GOAL OF THE EXERCISE: Using the records below, copy exactly the part that opens with the line holding "New Balance 928" and closes with the line holding "made a custom", minus the pictures.

RECORD SET:

╔══

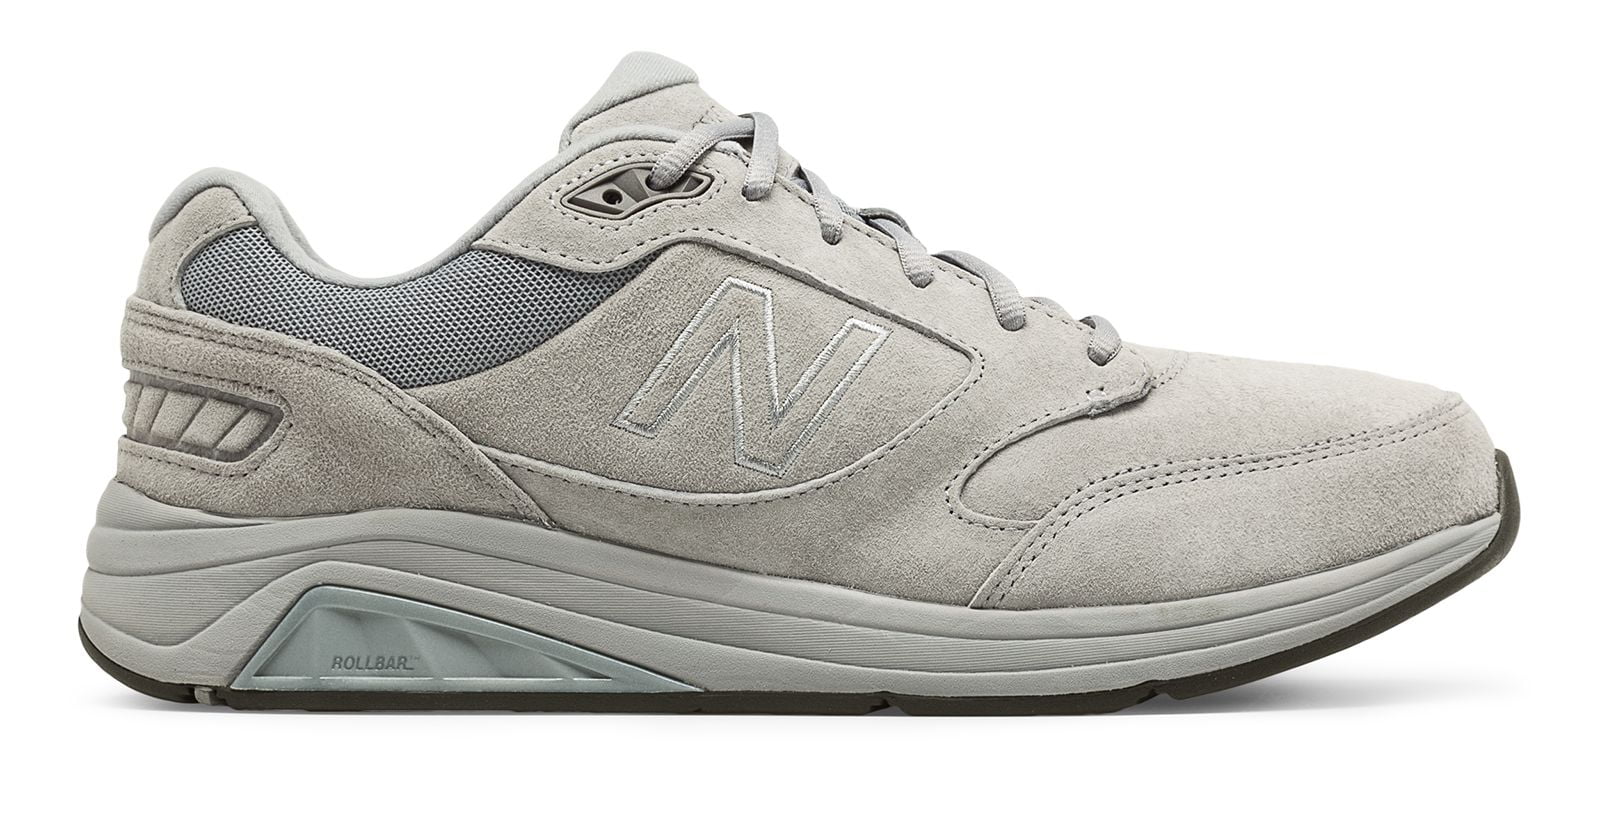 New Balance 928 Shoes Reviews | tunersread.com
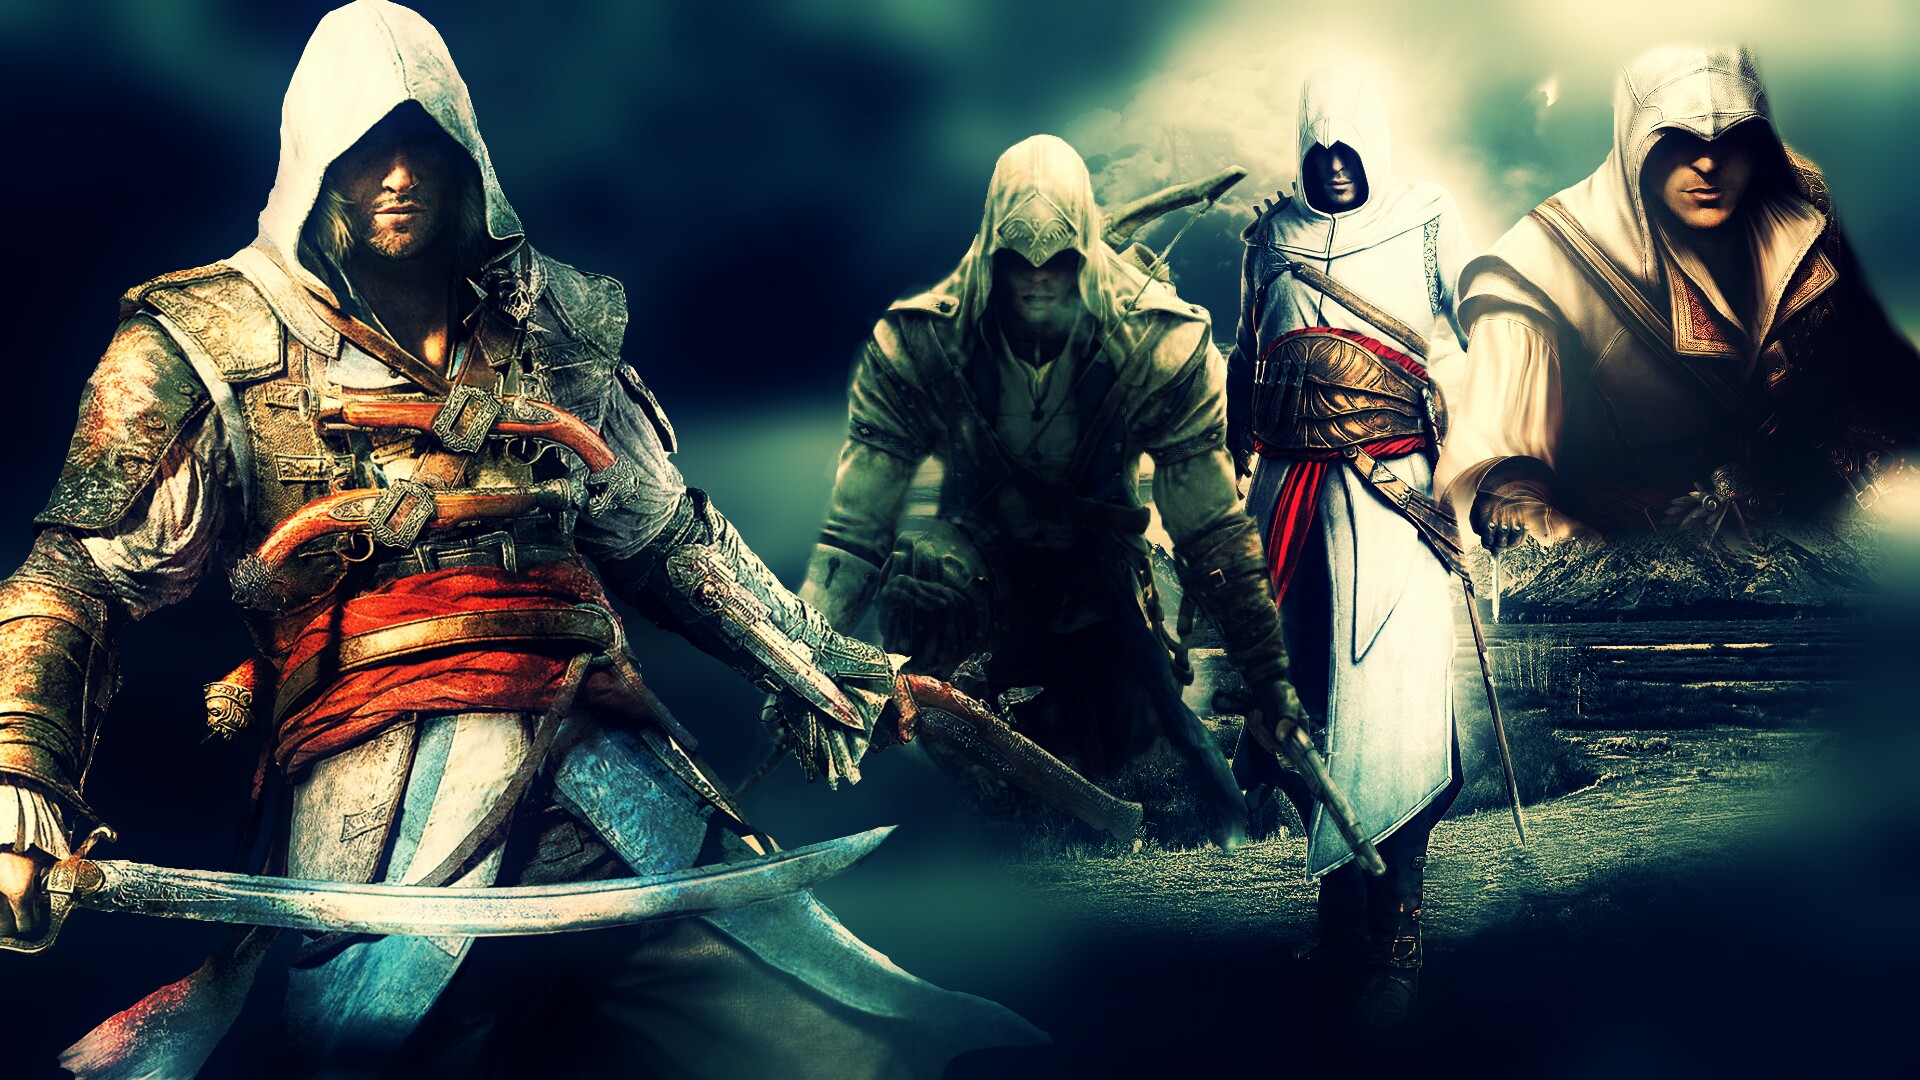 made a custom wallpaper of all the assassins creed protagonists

╚══
╔══

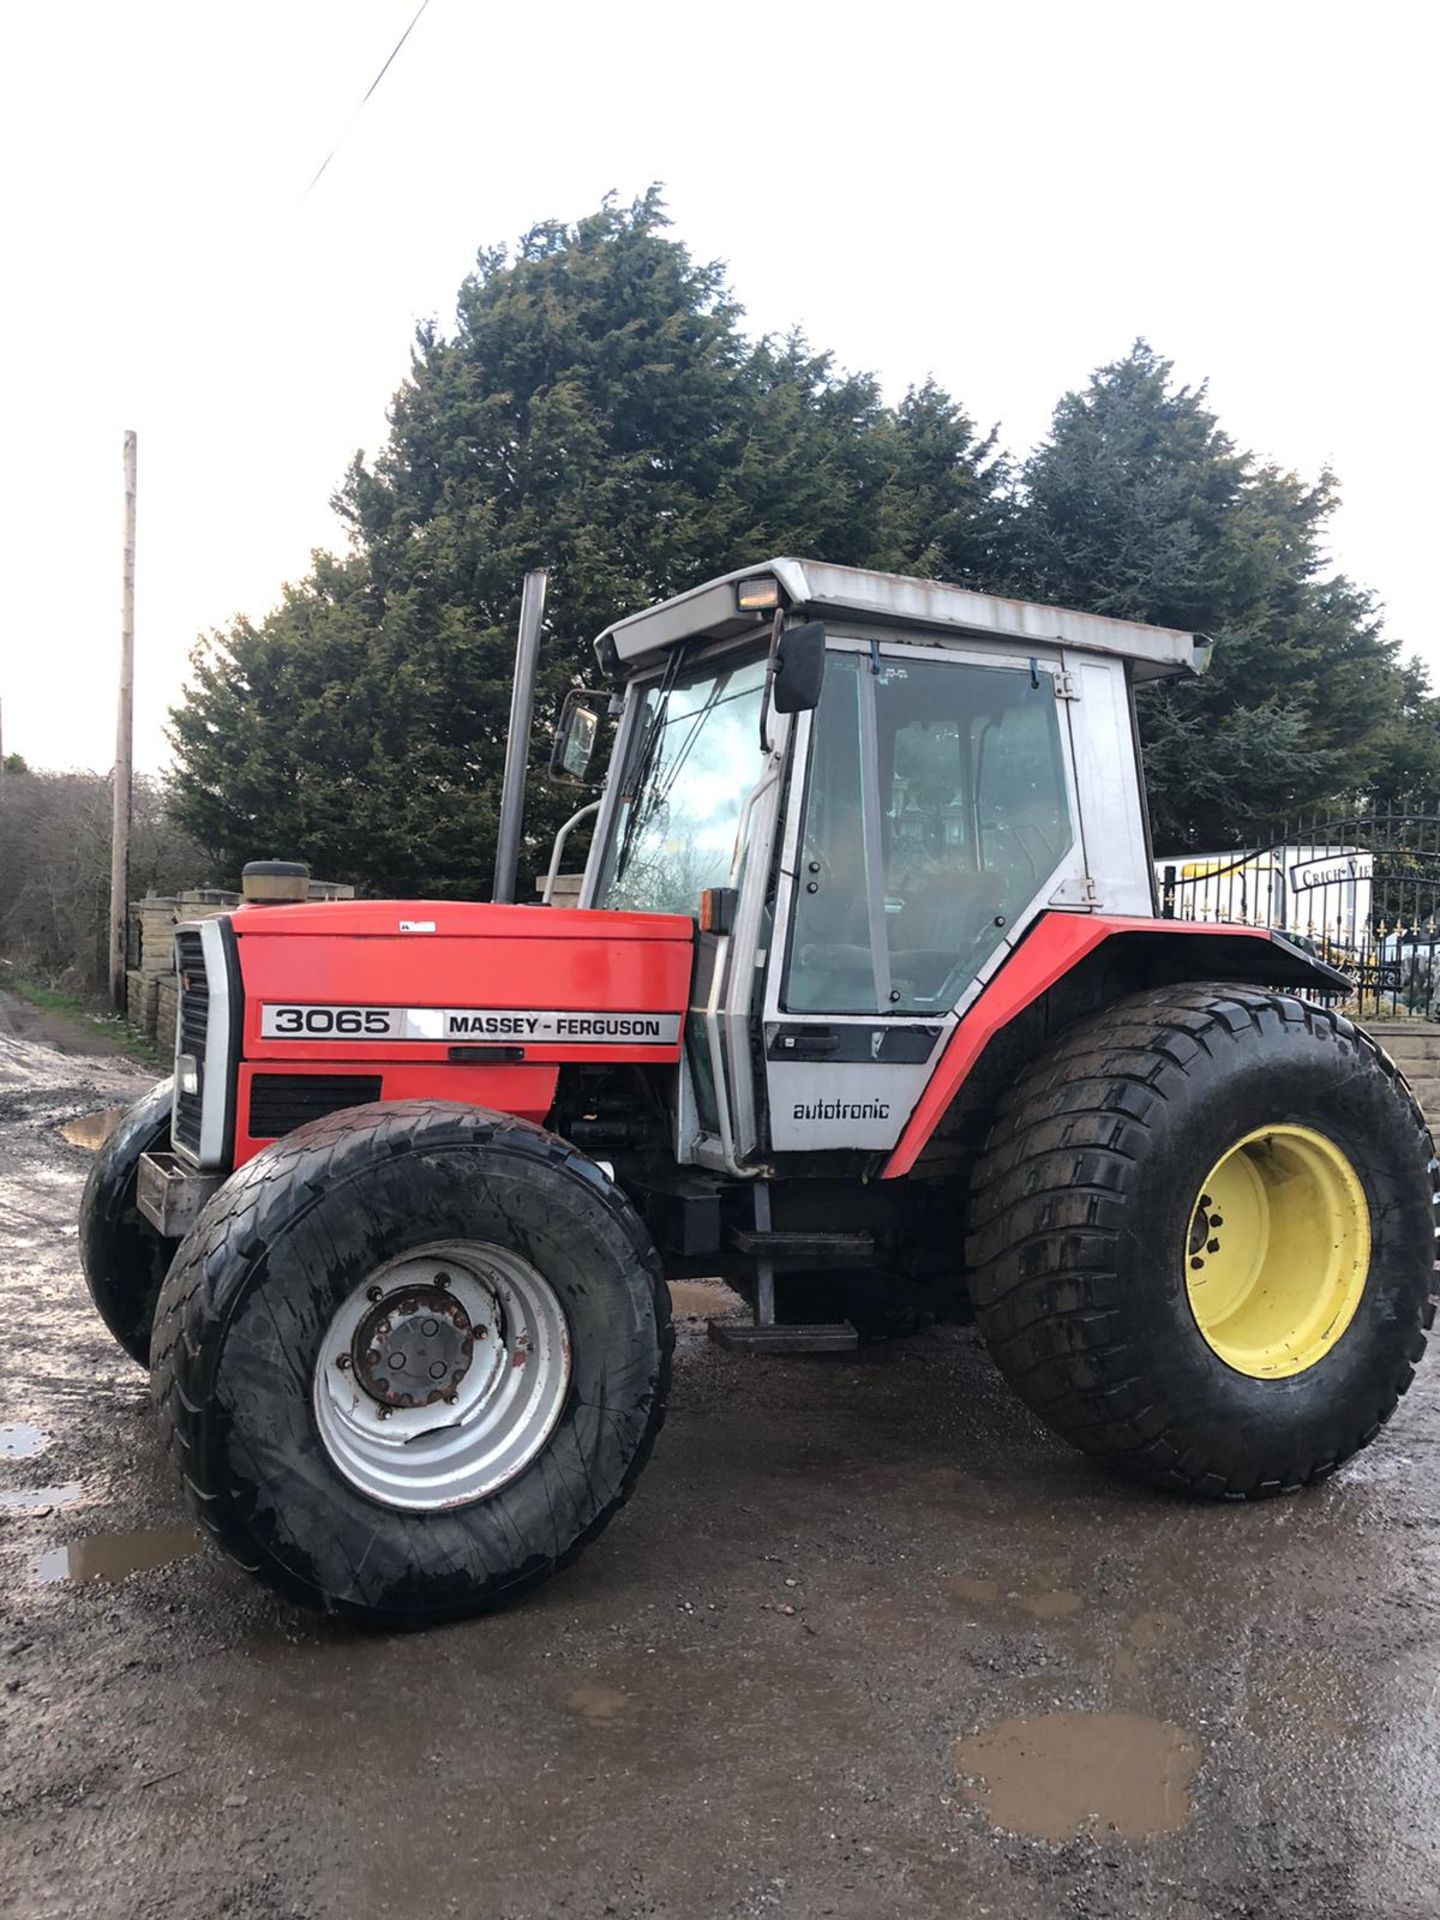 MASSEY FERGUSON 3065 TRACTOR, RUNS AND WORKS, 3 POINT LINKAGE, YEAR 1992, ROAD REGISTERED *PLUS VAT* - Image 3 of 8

╚══

TASK OUTPUT:
 New Balance 928 Shoes Reviews | tunersread.com
 made a custom wallpaper of all the assassins creed protagonists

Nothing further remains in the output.